ID:  A2940X5L71GK3U|0780630866  Review:  I like scary movies (Horror, Thriller, Suspense). This may be one of the best horror movies ever. This was cool and it was one of four scary movies  that actually scared me. The other ones where Thinner, The Shinning, and  The Sixth Sense. Out of all the Halloween movies, Friday the 13ths, and  Nightmare

Gensim also allows to infer the vector of a given sentence (separated by words like the TaggedDocuments above) and test how similar it is to others. This is important to get vectors from new sentences that were not in the training set for the model. In this case we try it with a sentence that *is* in the dataset, to see which ones are the most similar. The first sentence *should* be itself.

Higher numbers of steps or iterations in the inference process will achieve a better similarity score to itself, while reducing it to the others.

In [195]:
inferred_docvec = model.infer_vector(word_tokenize(review_text[example]), steps=5000, alpha = 0.01)
sims = model.docvecs.most_similar(positive=[inferred_docvec], topn=5)

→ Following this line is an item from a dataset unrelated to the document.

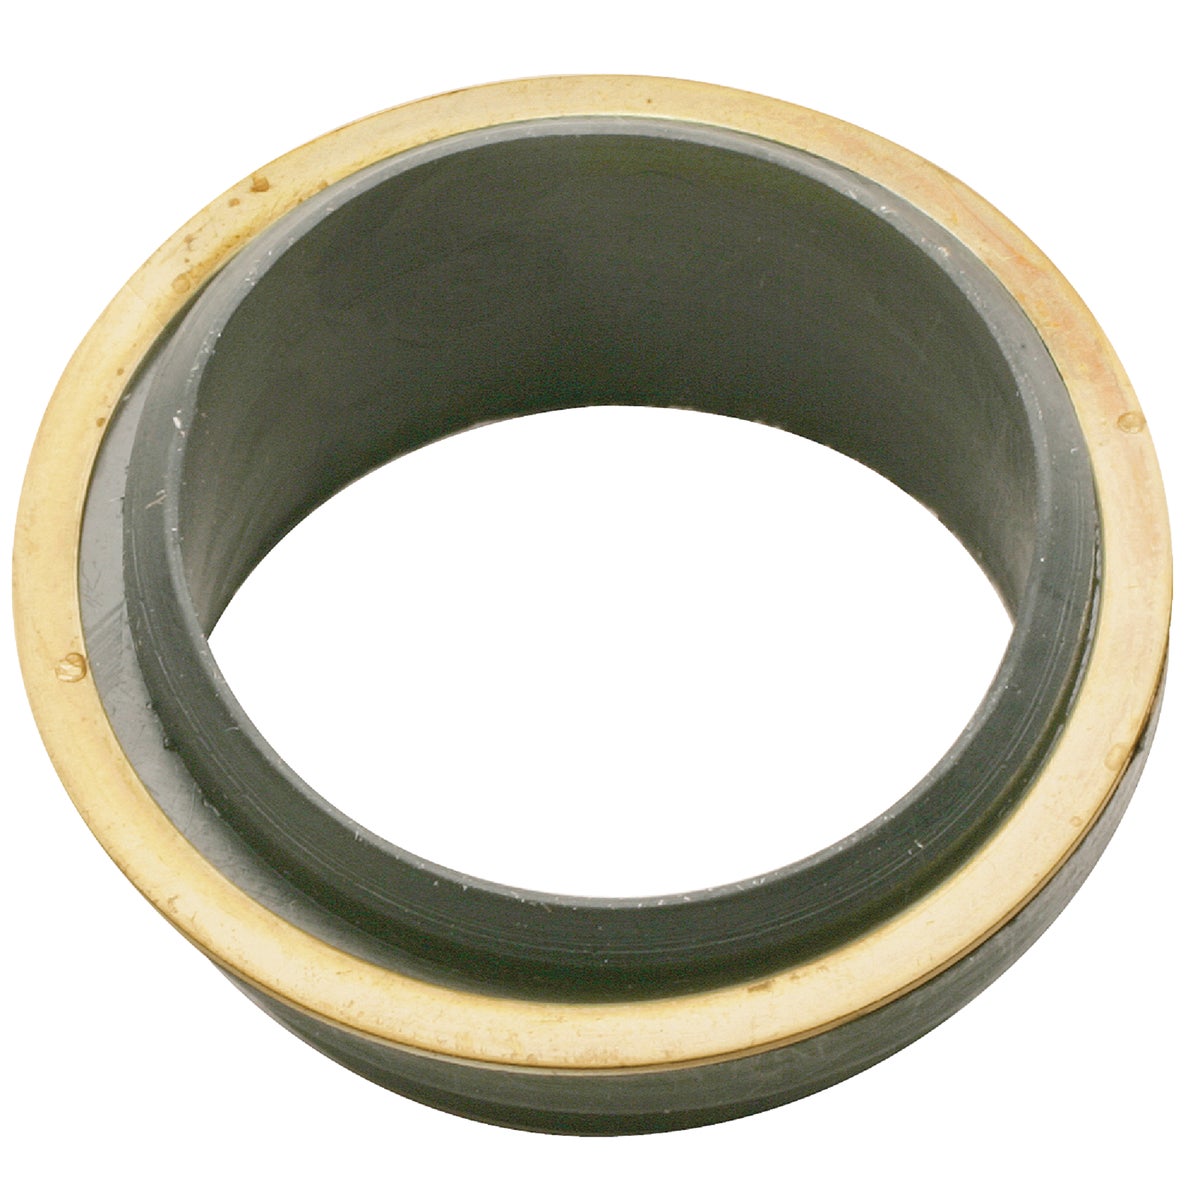 Item 445630, For Waste King garbage disposals. Includes friction ring.

print('Top  similar reviews to:', review_text[example]+'\n')
for review in sims:
    print('ID: ', review[0], ' Review: ', review_text[review[0]]+'\n')

Top  similar reviews to: I was dressed up at my school as freddy krueger yesterday (for my halloween dance) and then i watched this movie. Theis has to be one of the best of the Nightmare. My favorite part is wehn the Freddipilliar appears and eats the little girl. Its awesome. WATCH THIS AWESOME SH**.

ID:  A39W3263A9HCMN|0780630866  Review:  I was dressed up at my school as freddy krueger yesterday (for my halloween dance) and then i watched this movie. Theis has to be one of the best of the Nightmare. My favorite part is wehn the Freddipilliar appears and eats the little girl. Its awesome. WATCH THIS AWESOME SH**.

ID:  A1M82OE9TB0RQ0|0780630874  Review:  Ok. This is like, the best of the Freddy flicks. Dream Child used to be the best to me, then I started watchin this one a lot more. The F/X are great! The cockroach scene is kool. And the song while the main titles are rolling is pretty kool, too. And Lisa Zane is the best female survivor I've seen in the more major horror flicks (

Now we can evaluate the cosine distance between the vector and its own word-based inference.
We can experiment with some values for the number of steps or alpha.

In [206]:
n_steps = [100, 1000, 10000]
alphas = [0.1, 0.01, 0.001]

for trial in n_steps:
    for alpha_value in alphas:
        inferred_docvec = model.infer_vector(word_tokenize(review_text[example].lower()), steps = trial, alpha = alpha_value) 
        print(trial, alpha_value, round(spatial.distance.cosine(inferred_docvec, model.docvecs[example]), 2))

100 0.1 0.1
100 0.01 0.07
100 0.001 0.14
1000 0.1 0.05
1000 0.01 0.02
1000 0.001 0.02
10000 0.1 0.09
10000 0.01 0.09
10000 0.001 0.09


It seems that 1000 steps with alpha = 0.01 yield the most similar vectors, so we could use this in future parts of the process, if necessary.

Now we have a trained doc2vec model on movie reviews, and we can evaluate similarity of the review texts, find the most similar ones, etc.

The next step is to group similar perceptual tuples into Shared Perspectives.